Twenty years ago Kean was signed by Celtic. It did not work out. Released, he had spells with Swansea and Coimbra, in Portugal, where he worked under Antonio Olivera, who eventually became the country's national coach. His enthusiasm was fired. He returned to England and joined Reading, helping the groundsman and ferrying players around during the day and working with youngsters in the evening. Eventually he became the club's Academy director and was poached four years ago to fulfil a similar role at Fulham. There he succeeded Alan Smith, who was Coleman's manager at Crystal Palace in the early 1990s and is still a close friend.
When Coleman surprisingly got the manager's job it was thought he would appoint Smith as a senior adviser. Instead the Welshman, just 33, poured his faith into 36-year-old Kean. It worked. The two ambitious, hungry young men feed off each other. Coleman has the drive and the "man-management skills", according to Kean. Insiders say he has the "football brain".
"Chris has been sadly missed as far as his contact with the players," said Kean who explained that Coleman had woken up at 4am on Tuesday "feeling as if he was coming down with flu". It got worse and he was hospitalised. "He's had a bit of trauma in his leg because of the car crash," Kean said. "But we think the virus in now under control. He's been up and about and had a few minutes on his legs. So he's not totally out of it."
The two have spoken "before and after" each training session and picked the team at Coleman's hospital bed. "We're in a nice pattern," said Kean of how the players are shaping up. "We've done our training and we've spoken tactically about what we want to do."
There was "shock" when the team was informed of Coleman's condition - just before the cup-tie - but that quickly turned into determination. "The spirit is fantastic and out of a negative, which this is, it's tested. We'll pull together. As soon as you mention it's Chris and we want to give him a tonic, it was very plain to see that they wanted to get a result."
Coleman has been visibly frustrated of late. Lacklustre performances have seen Fulham fall to a still respectable ninth while he has accused players of slipping into a "comfort zone". Kean agreed - "we were in a bit of a rut" - but insisted the manager has not been pushing himself too hard. "It wasn't that he was feeling unwell and that he kept dragging himself, pushing himself on to the training ground," he said. "It [the infection] seemed to be sitting dormant in his system and all of a sudden it's flared up.
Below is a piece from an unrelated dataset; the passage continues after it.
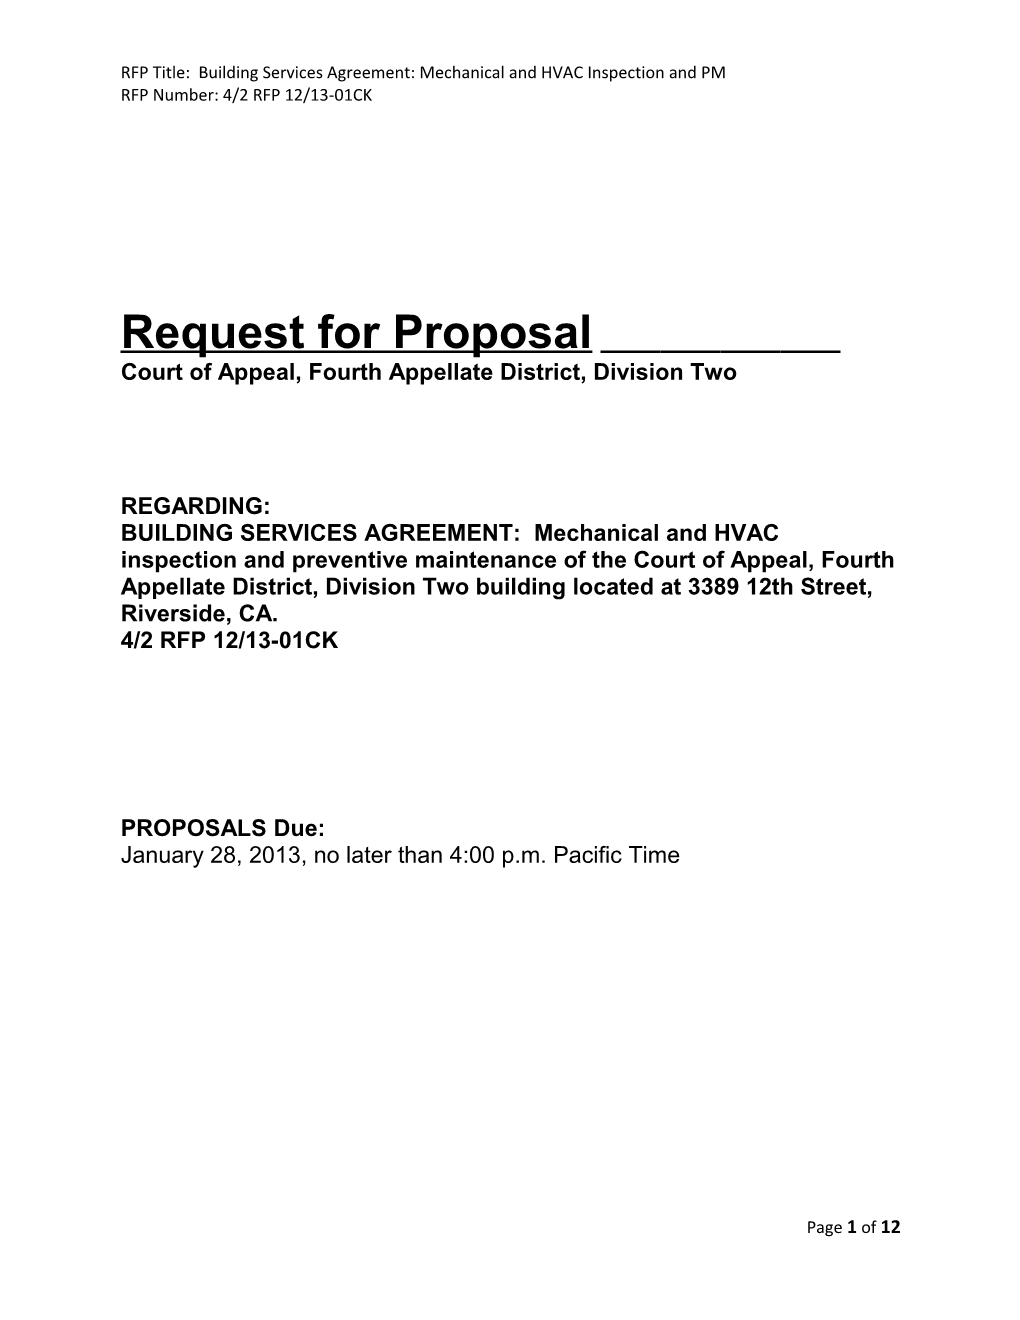 RFP Title: Building Services Agreement: Mechanical and HVAC Inspection and PM

I wouldn't say he's overdone it." Kean added: "He didn't follow the West Ham game - he was sleeping on and off. We took him up a little bit of footage. But we only took the good bits!"
Kean also ordered his players to watch television - United's match against Porto on Wednesday. It was after another of United's Champions' League encounters - away to Rangers - that Fulham last met them. It may not be a good omen. "The danger is when you write Manchester United off is when they are really ruthless," said Kean. "Everyone is saying that for them [United] it's a must-win and if they don't then the championship is finished. We know that so we have to be on guard."
Kean is confident. "We have the experience of having played them the first time so we've got a good game plan," he says. He should know. He devised it.